WHAT IS NEEDED
Everything from the line containing "Fashionable Gray Sofas" to the last line of the listing below should be restated exactly, both ends included, with nothing added and the pictures omitted.

SOURCE MATERIAL

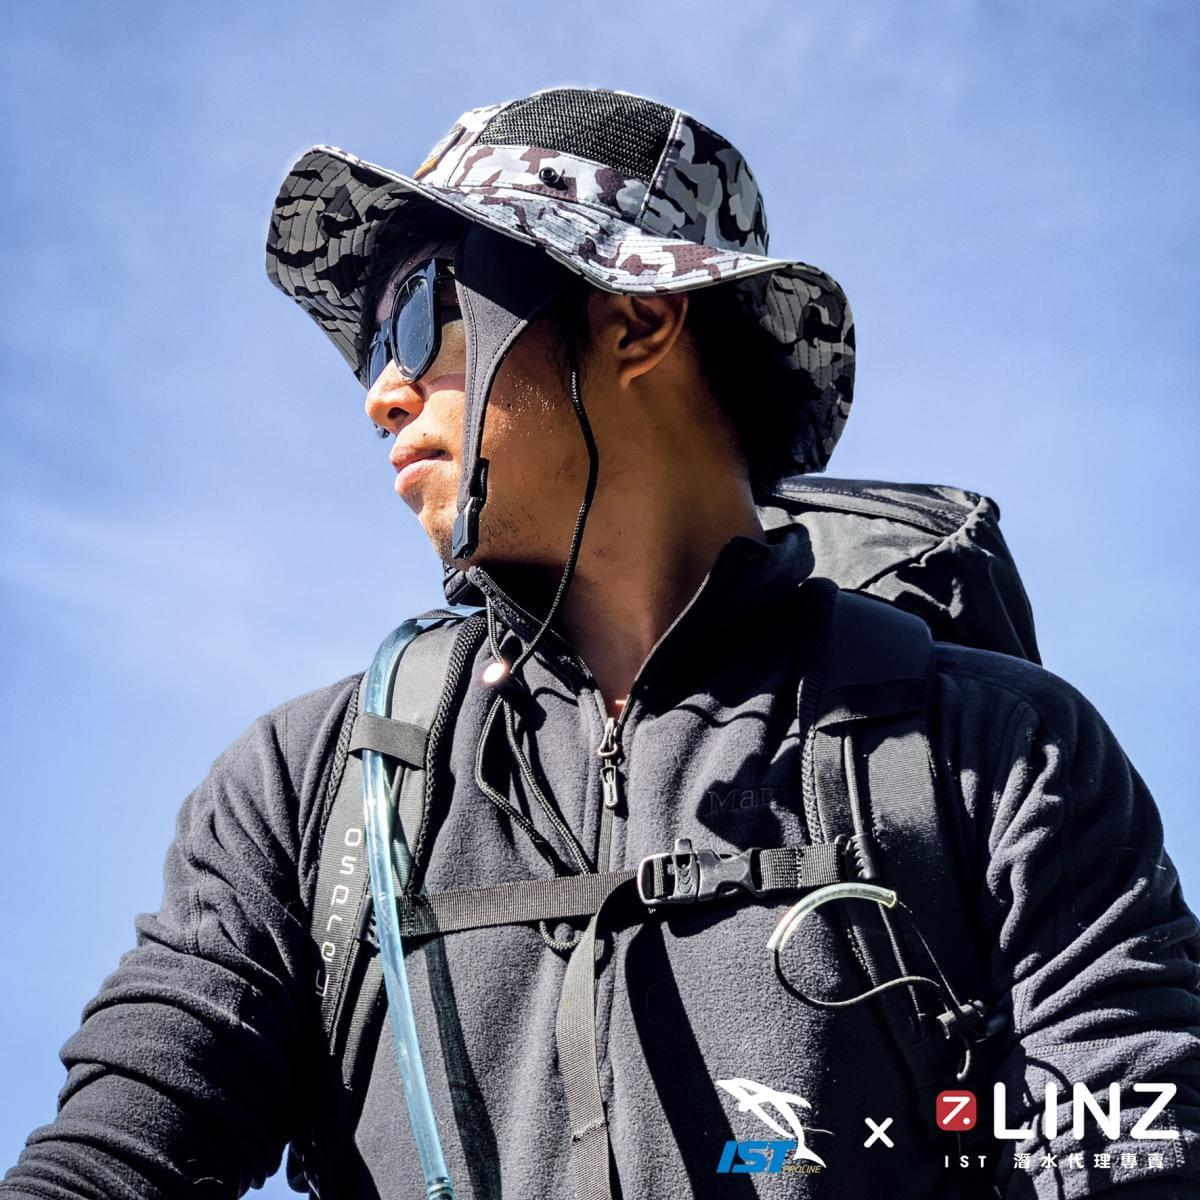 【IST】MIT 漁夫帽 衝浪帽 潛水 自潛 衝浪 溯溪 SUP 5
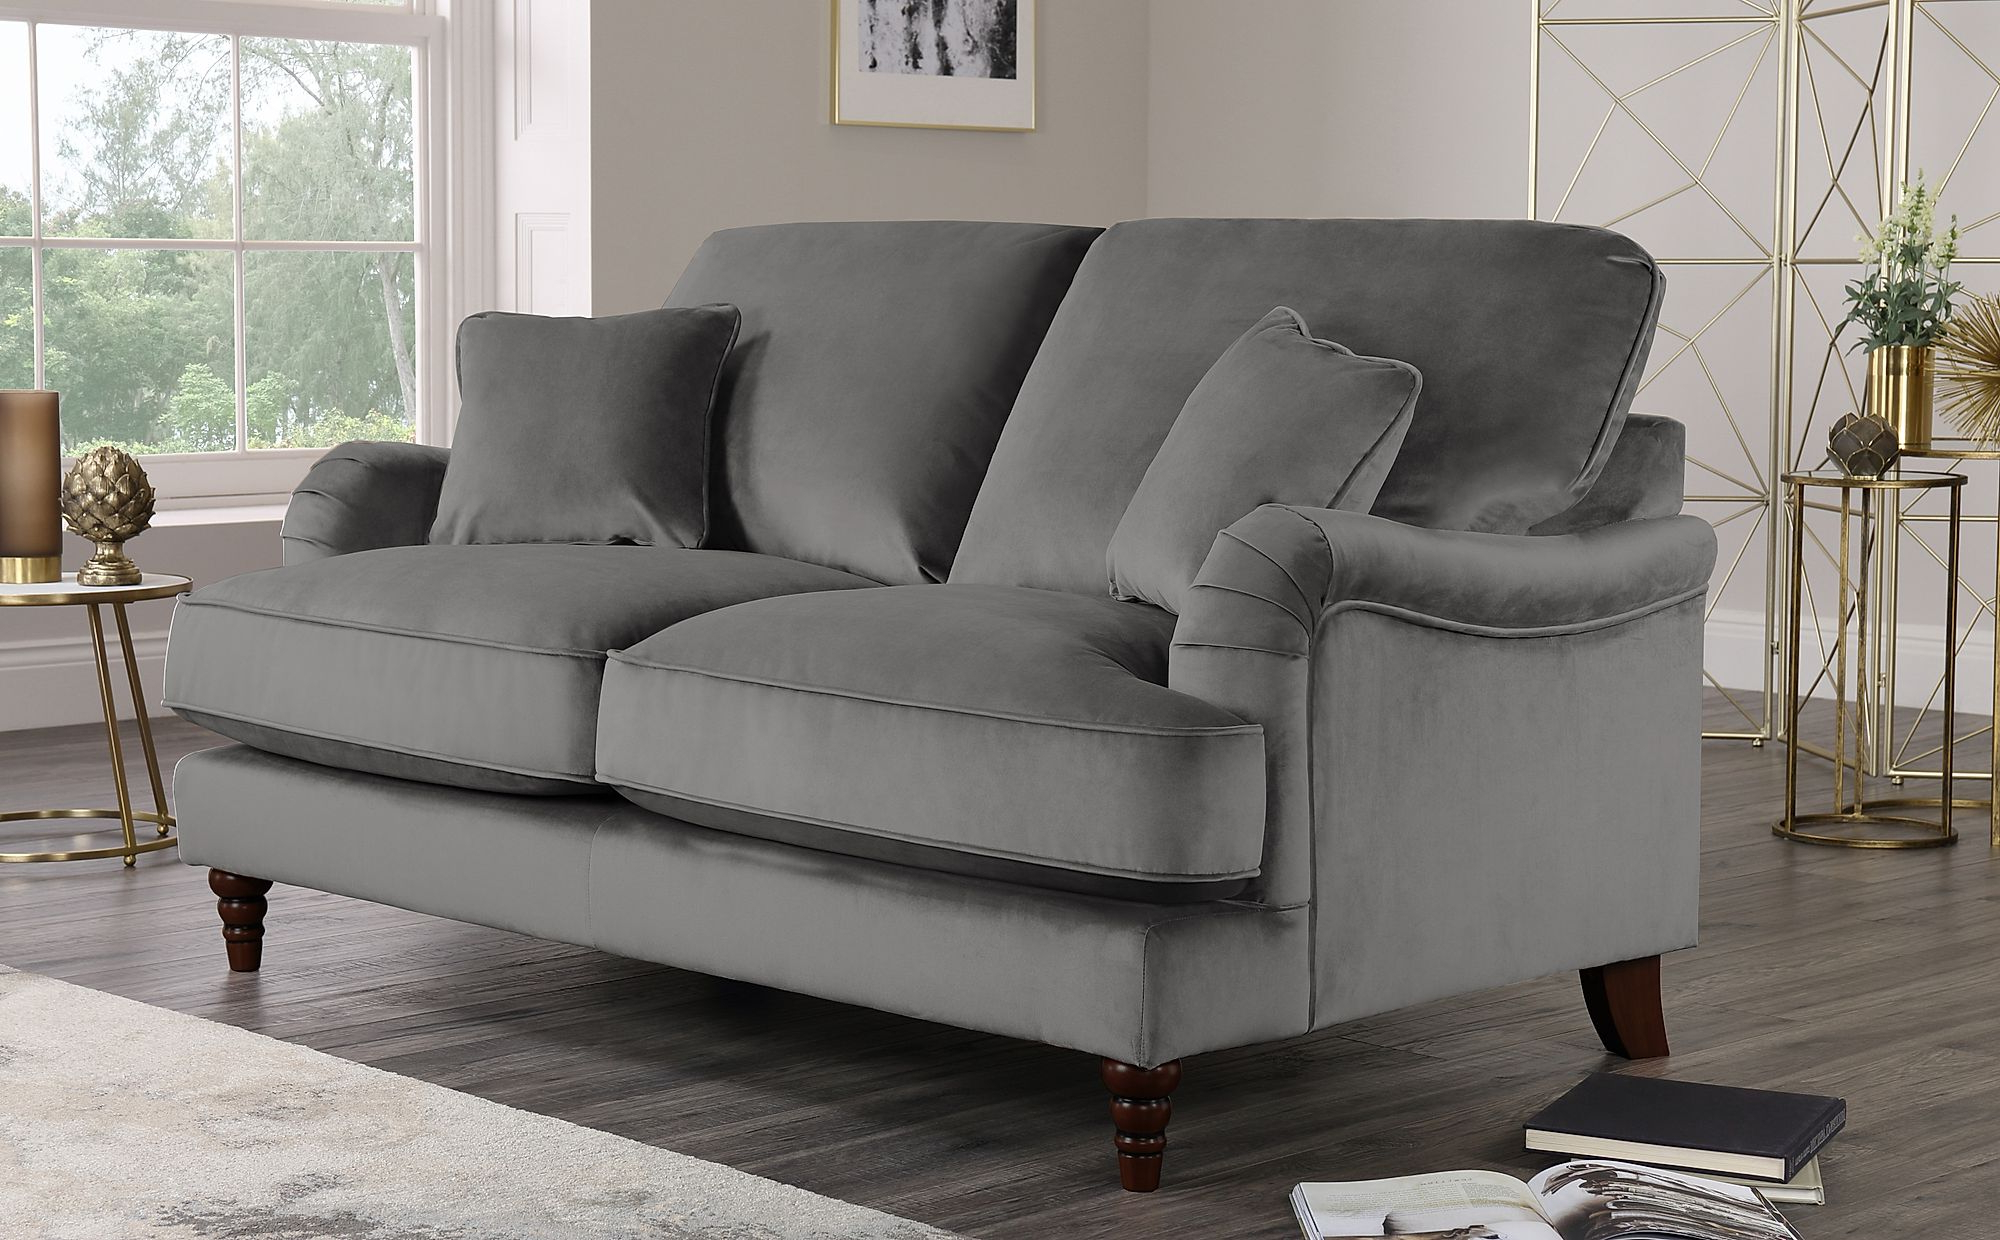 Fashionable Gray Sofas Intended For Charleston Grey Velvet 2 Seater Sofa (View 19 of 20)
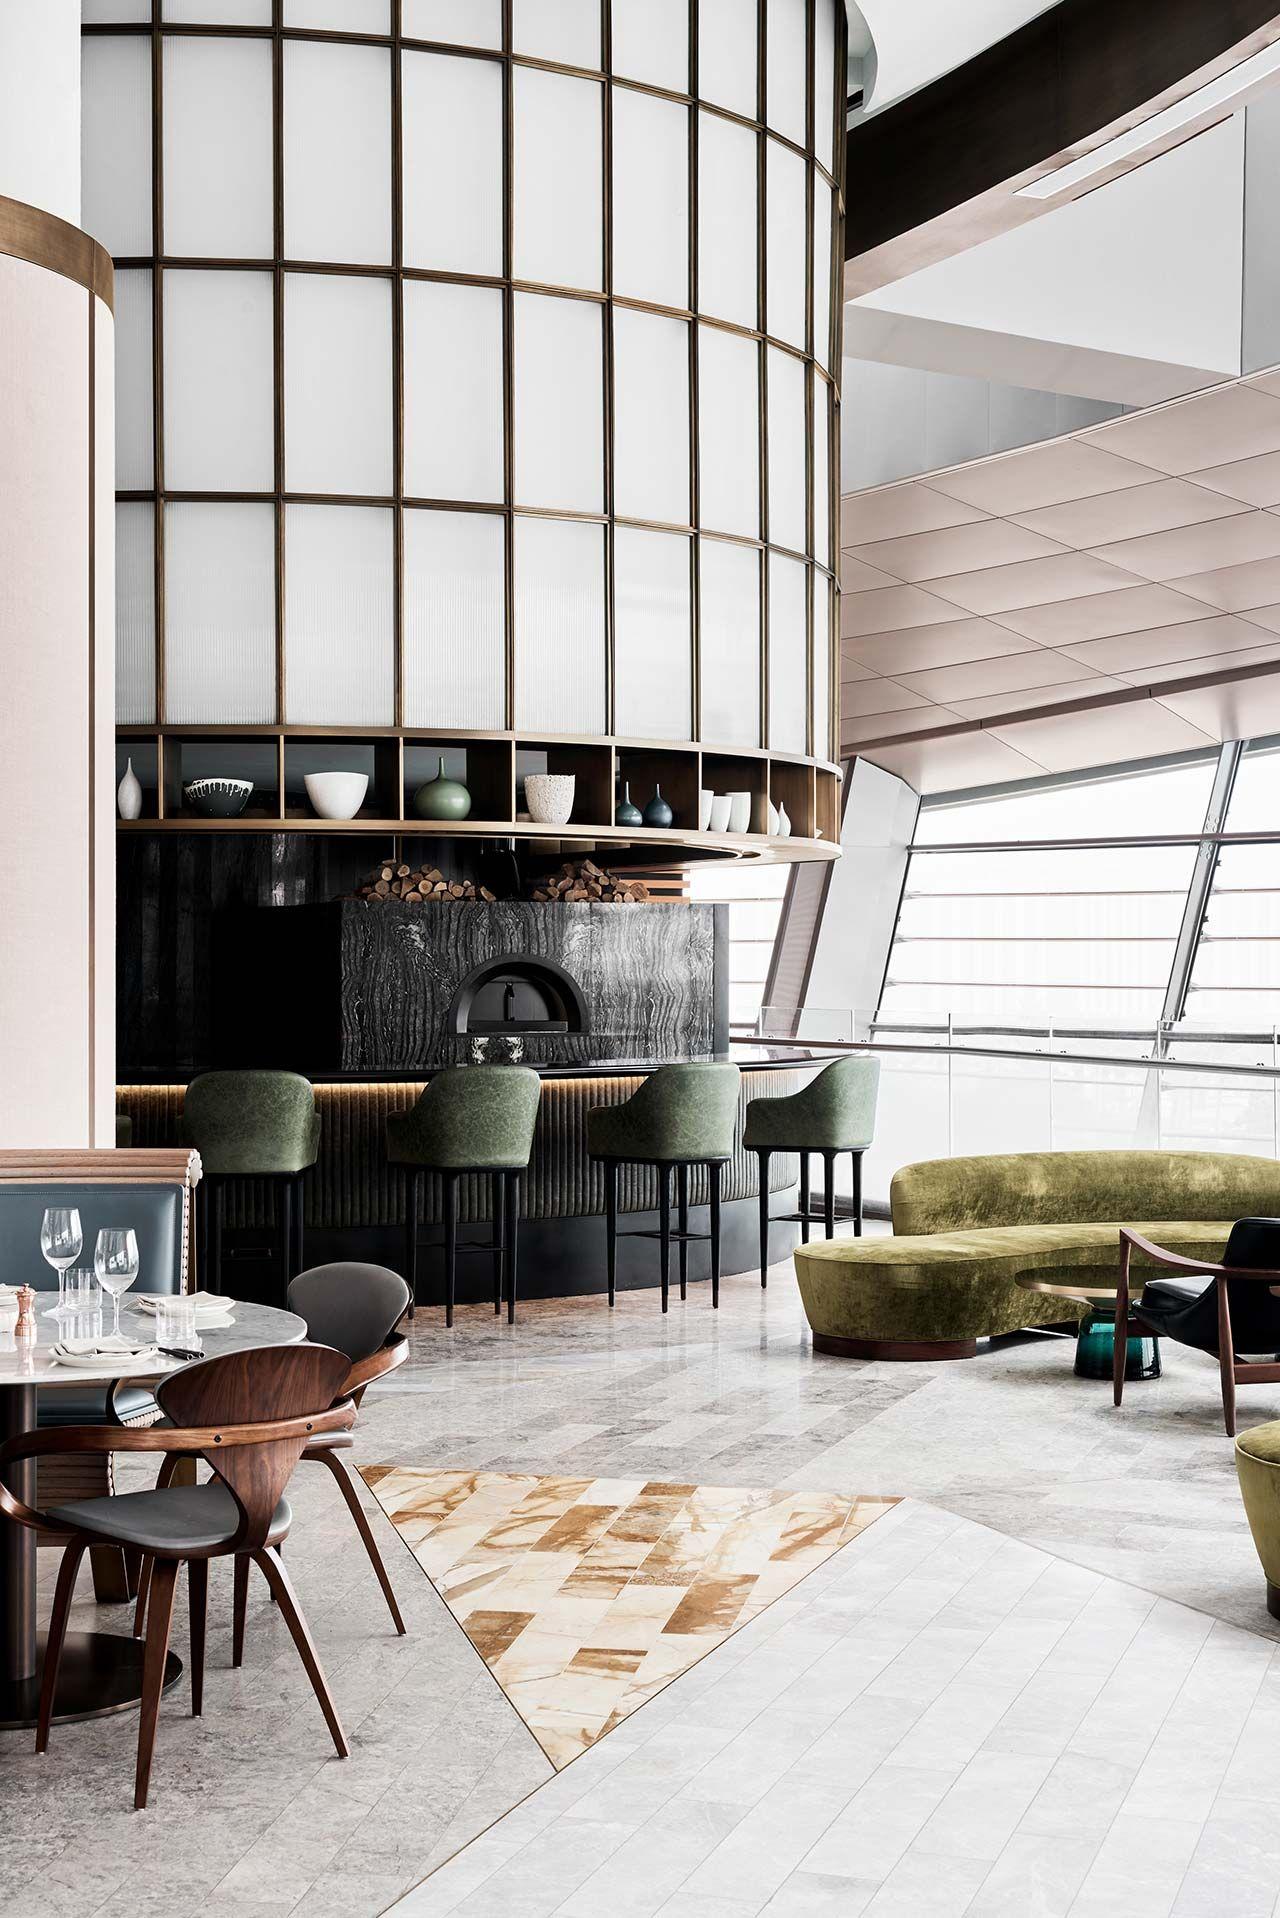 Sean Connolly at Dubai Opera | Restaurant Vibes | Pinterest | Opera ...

ANSWER BOX
 Fashionable Gray Sofas Intended For Charleston Grey Velvet 2 Seater Sofa (View 19 of 20)
 Sean Connolly at Dubai Opera | Restaurant Vibes | Pinterest | Opera ...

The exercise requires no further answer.